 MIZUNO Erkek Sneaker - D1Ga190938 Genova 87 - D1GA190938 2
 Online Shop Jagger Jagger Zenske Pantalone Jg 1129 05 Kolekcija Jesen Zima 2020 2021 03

---

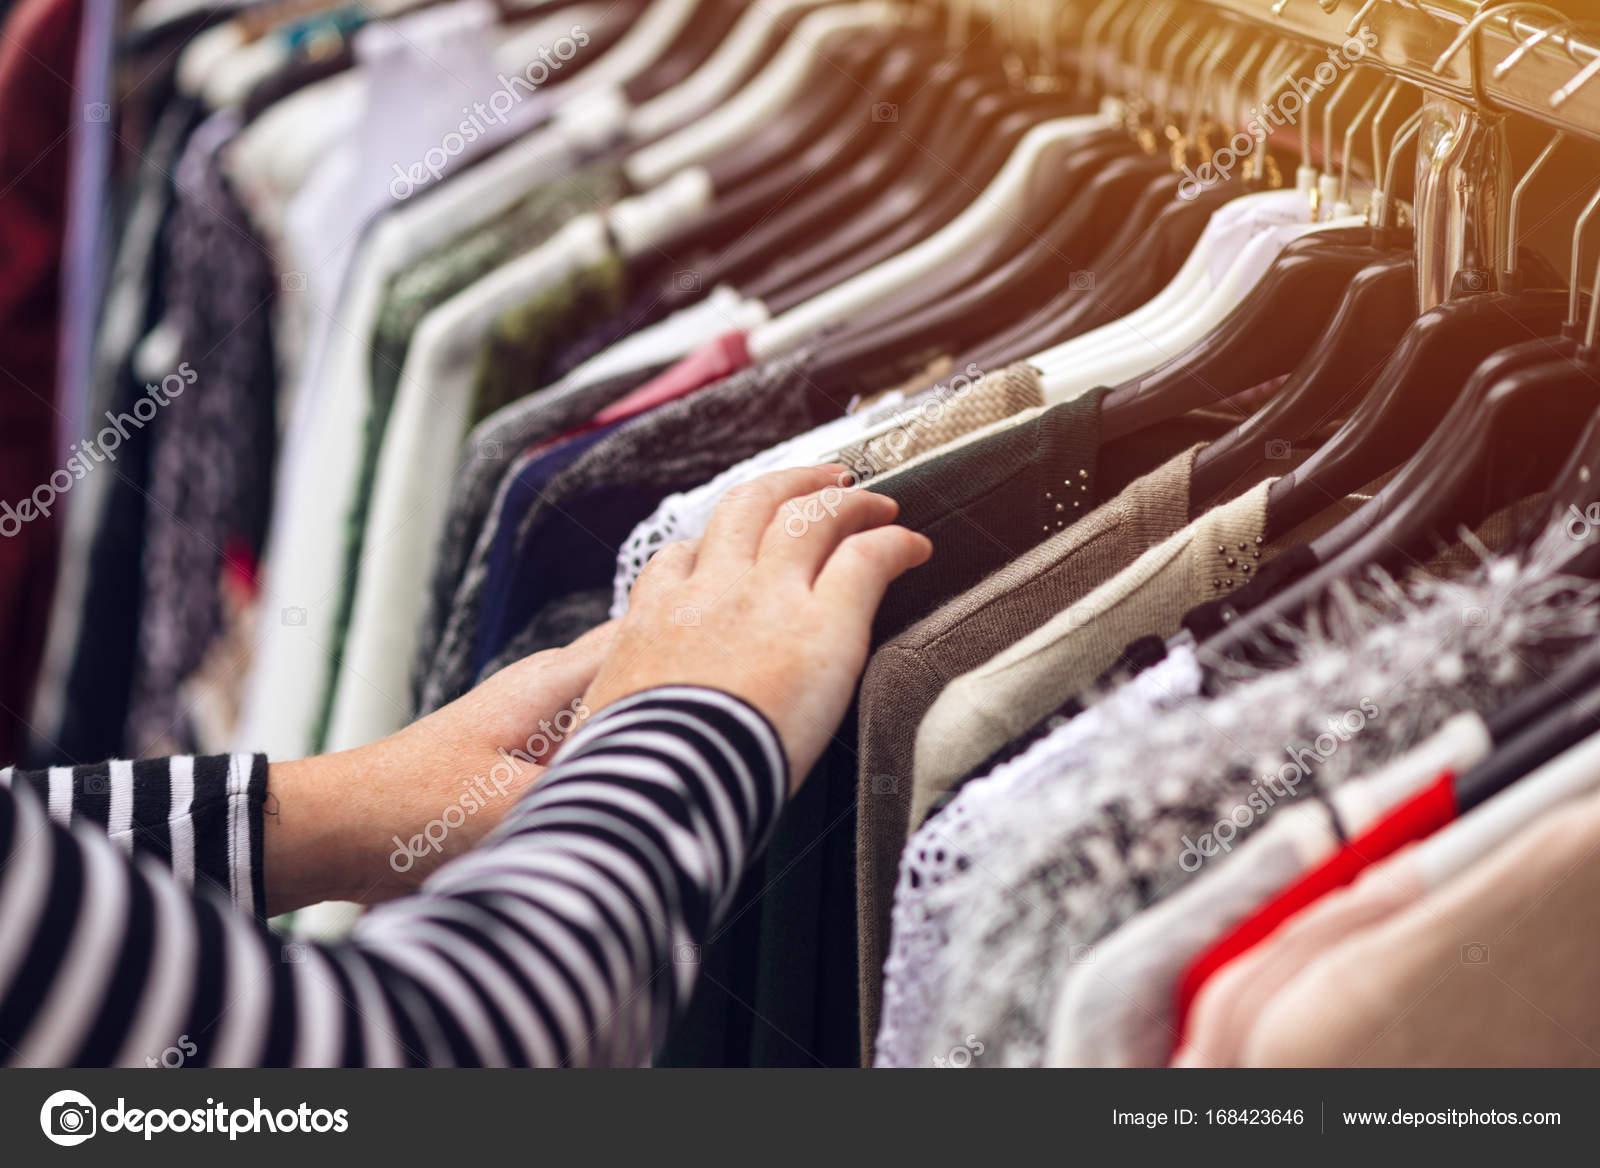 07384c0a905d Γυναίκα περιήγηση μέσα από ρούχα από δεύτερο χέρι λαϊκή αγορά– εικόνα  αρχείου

--

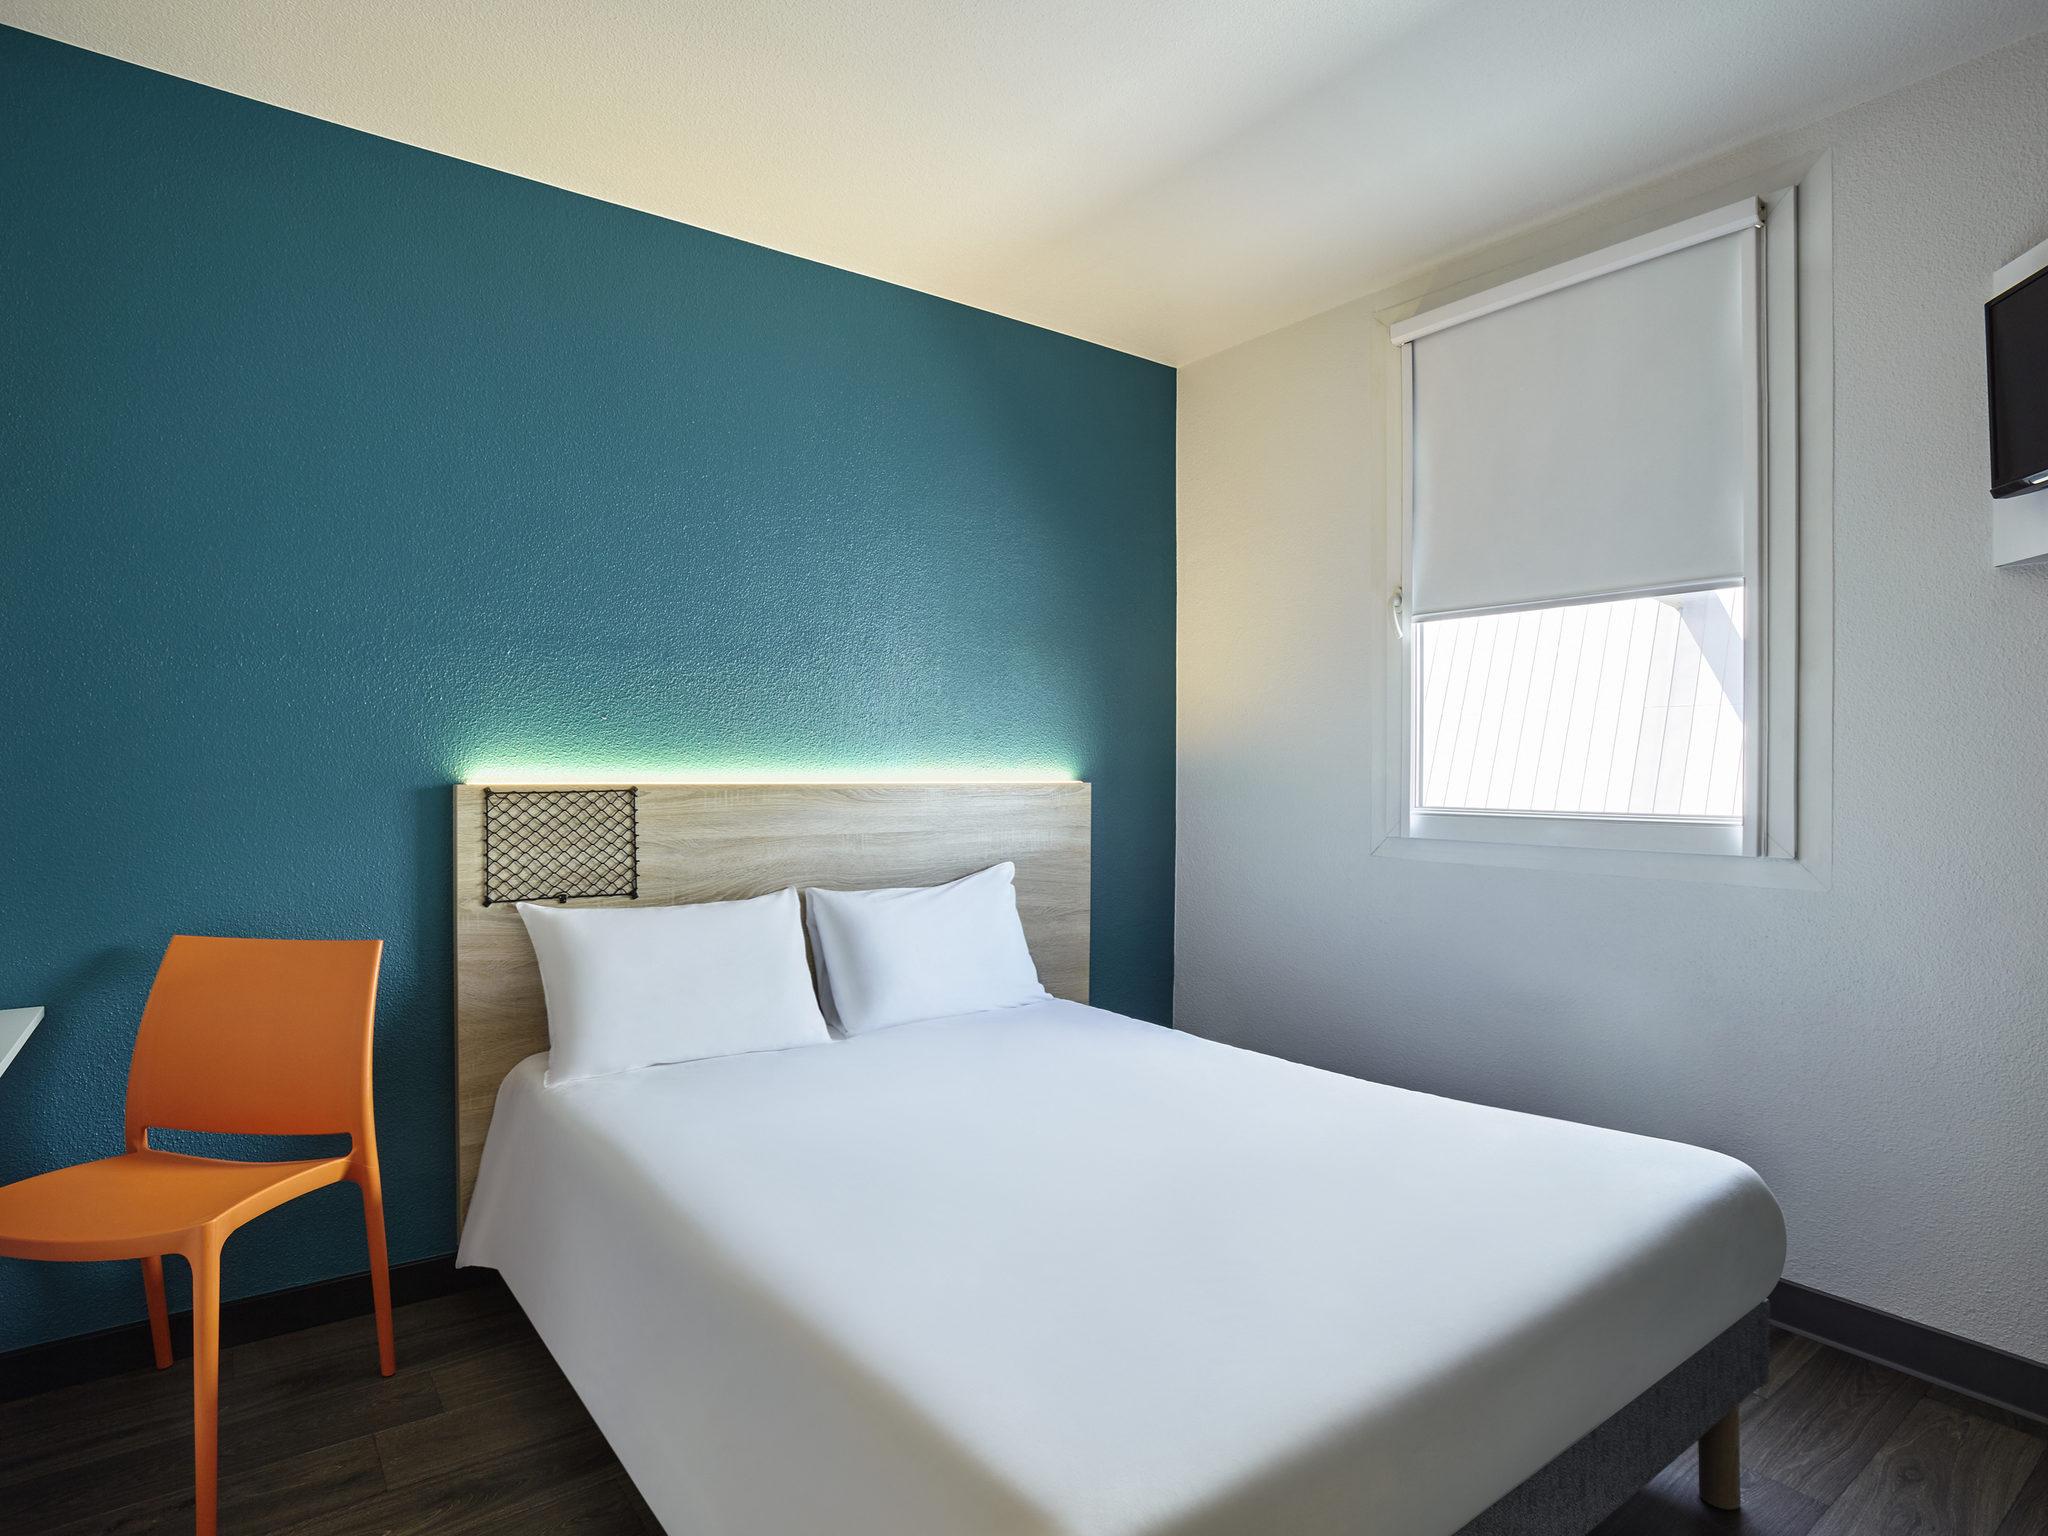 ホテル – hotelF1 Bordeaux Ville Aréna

Activity. Out of the entries above, write out only the lines between the line holding "MIZUNO Erkek Sneaker" and the line holding "Online Shop Jagger", inclusive, each exactly as given.

Written solution.
 MIZUNO Erkek Sneaker - D1Ga190938 Genova 87 - D1GA190938 2
 Online Shop Jagger Jagger Zenske Pantalone Jg 1129 05 Kolekcija Jesen Zima 2020 2021 03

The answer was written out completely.